- _COLLECTED DATA_:
________________
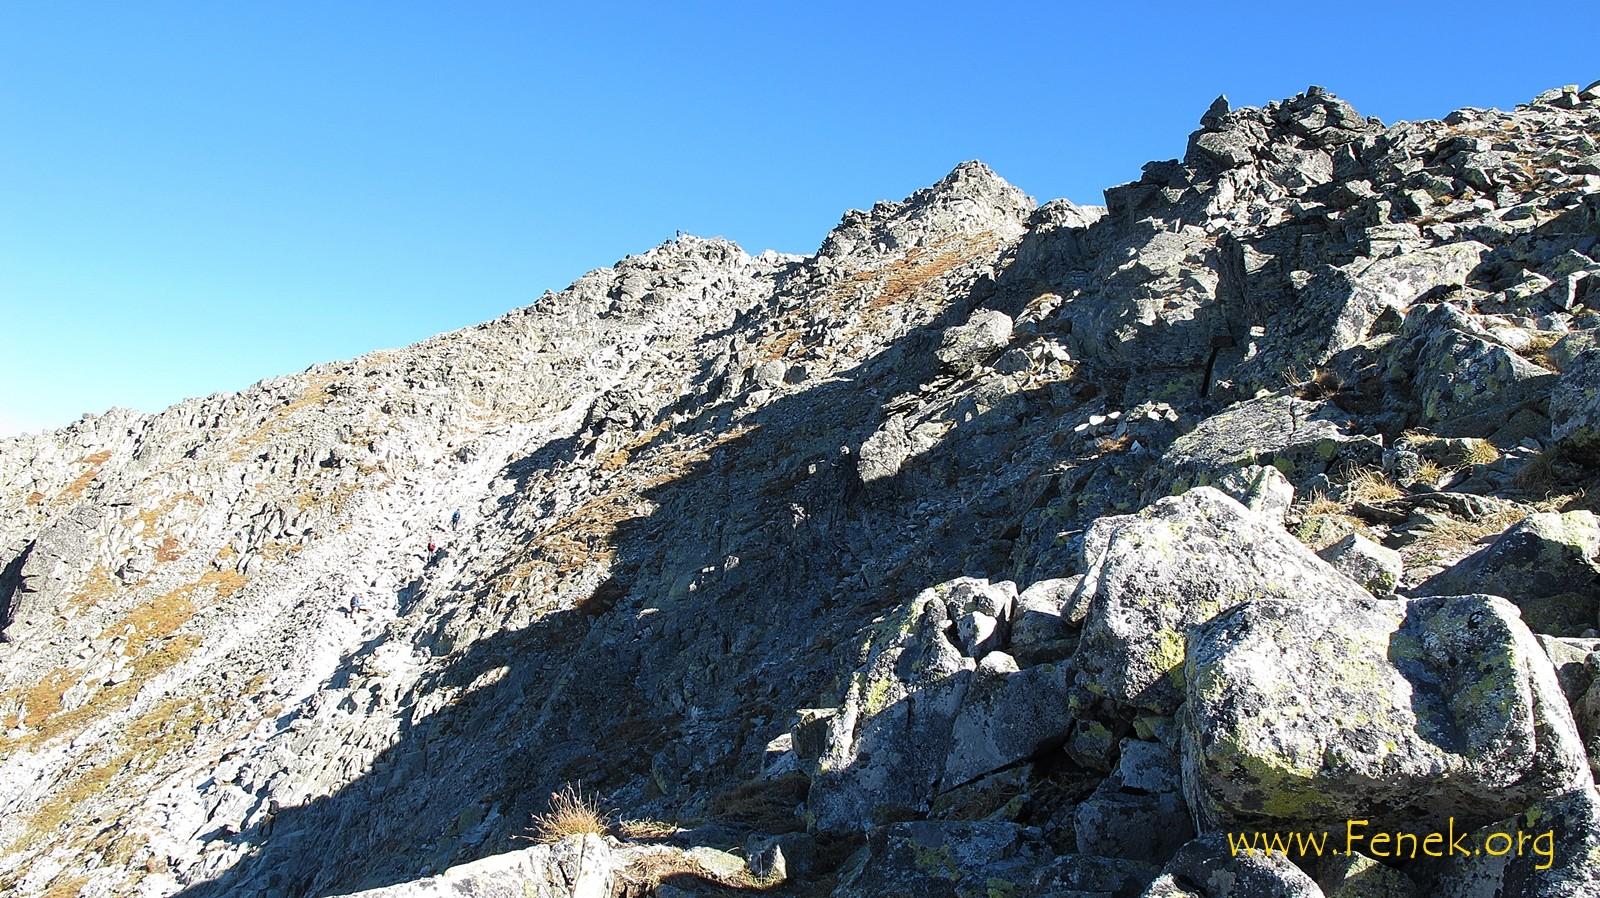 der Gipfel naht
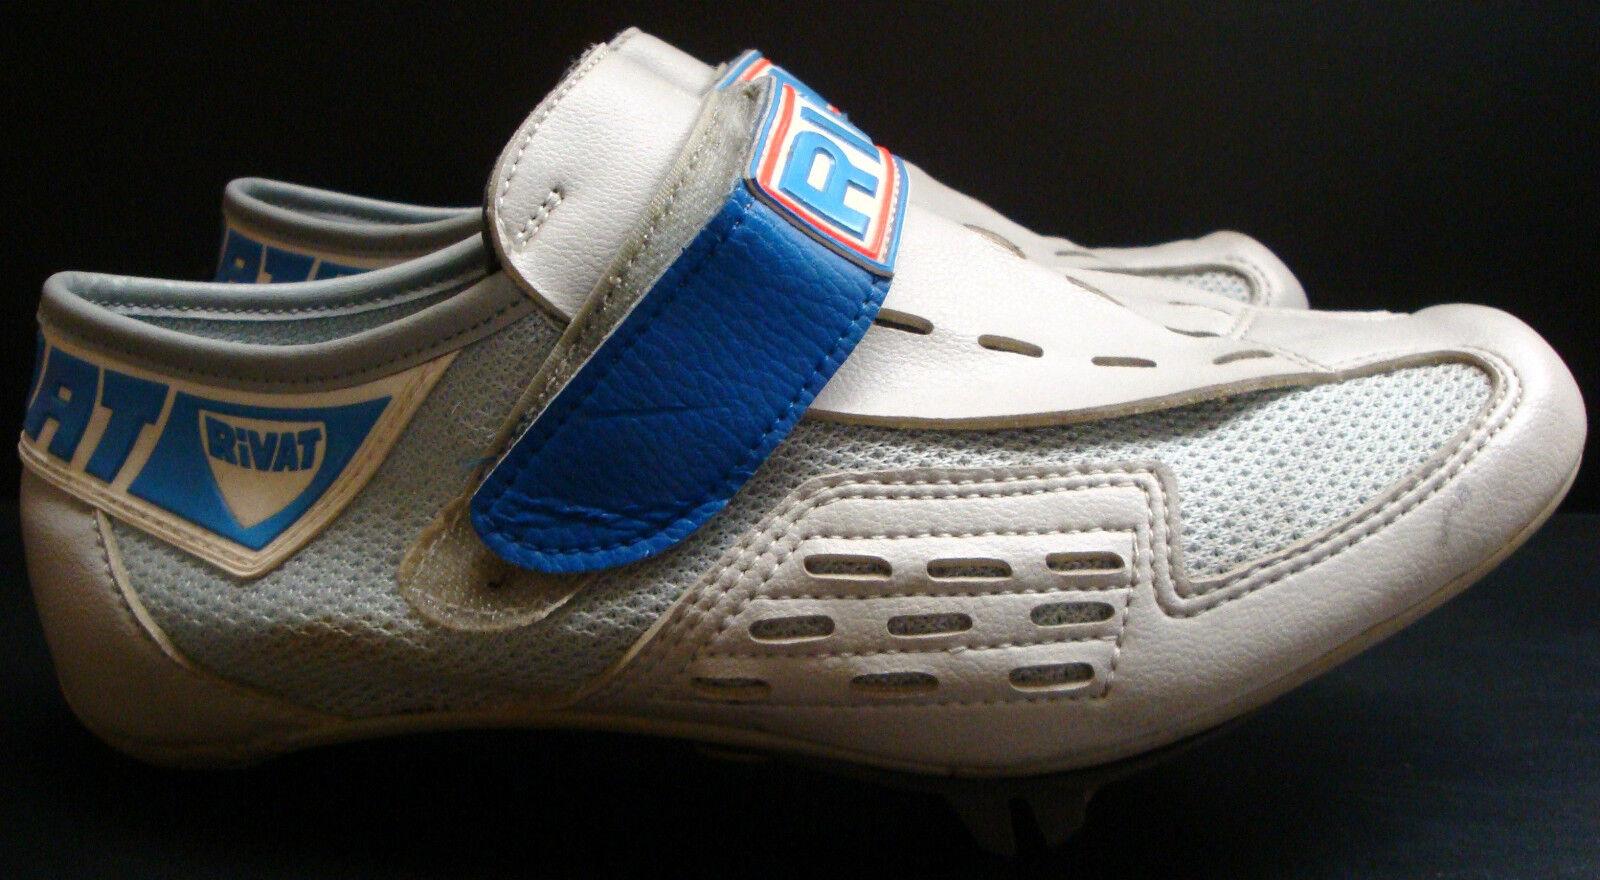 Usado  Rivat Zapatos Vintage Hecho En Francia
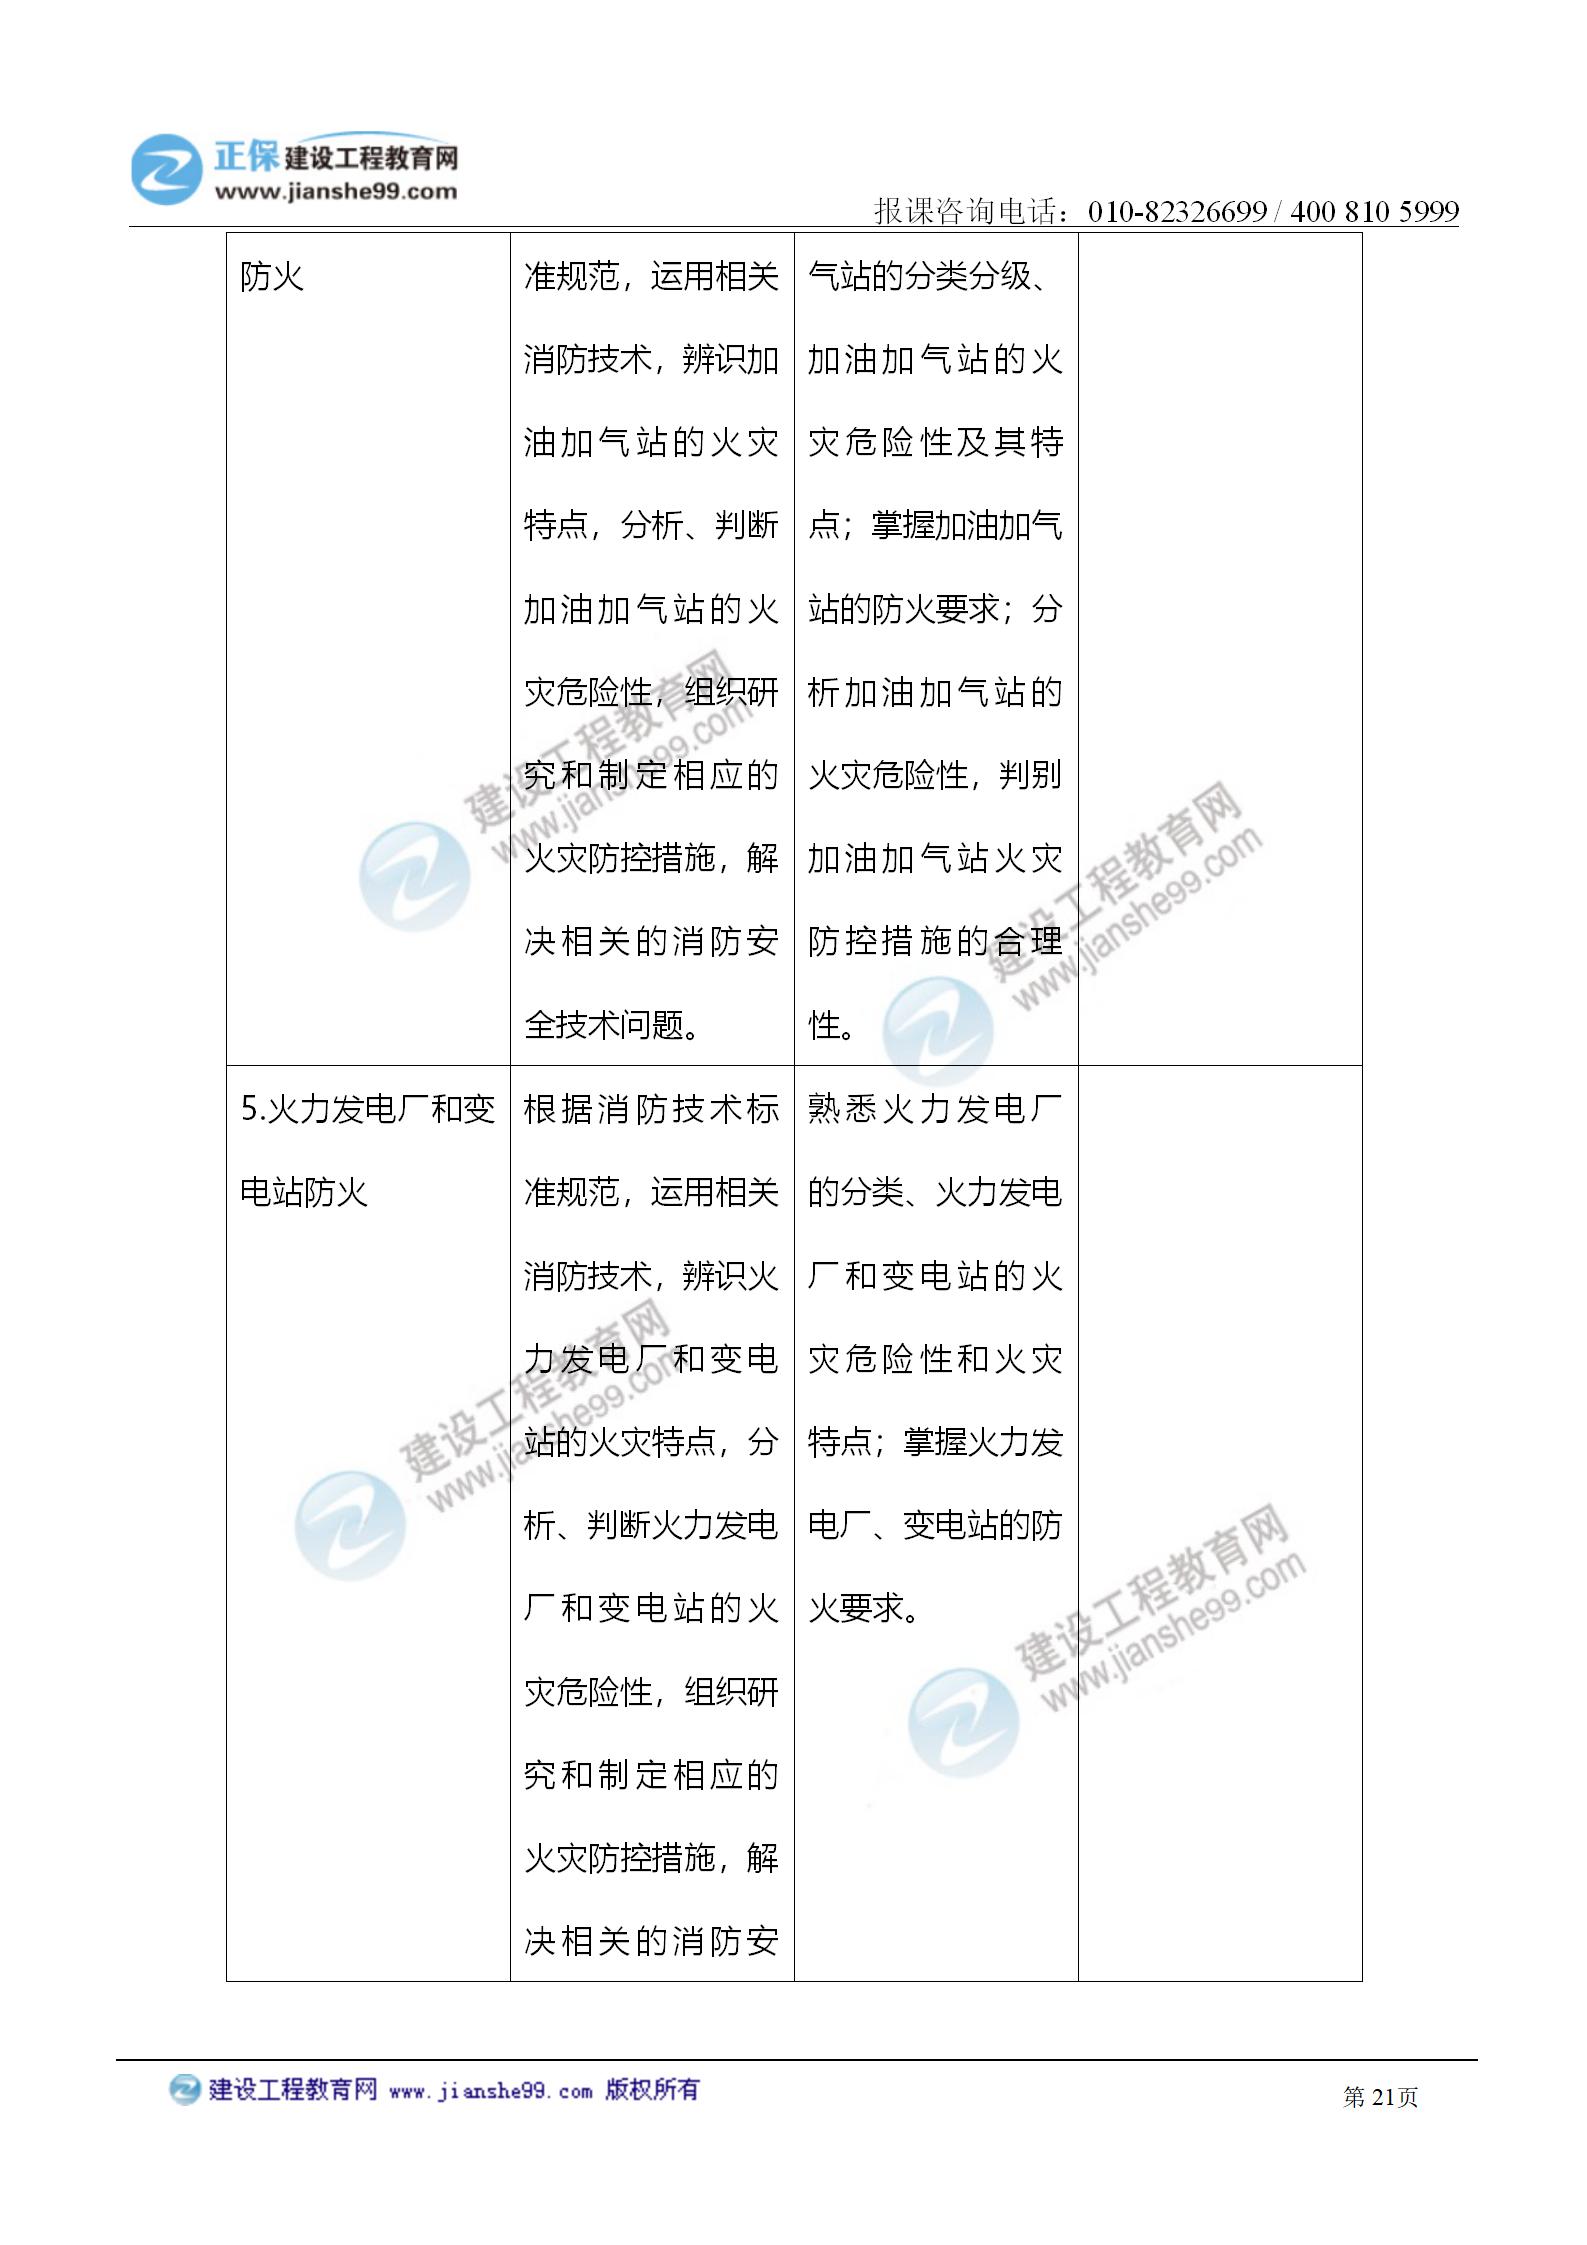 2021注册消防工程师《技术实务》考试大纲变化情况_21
________________
Return the data exactly as it stands, minus the pictures.

 der Gipfel naht
 Usado  Rivat Zapatos Vintage Hecho En Francia
 2021注册消防工程师《技术实务》考试大纲变化情况_21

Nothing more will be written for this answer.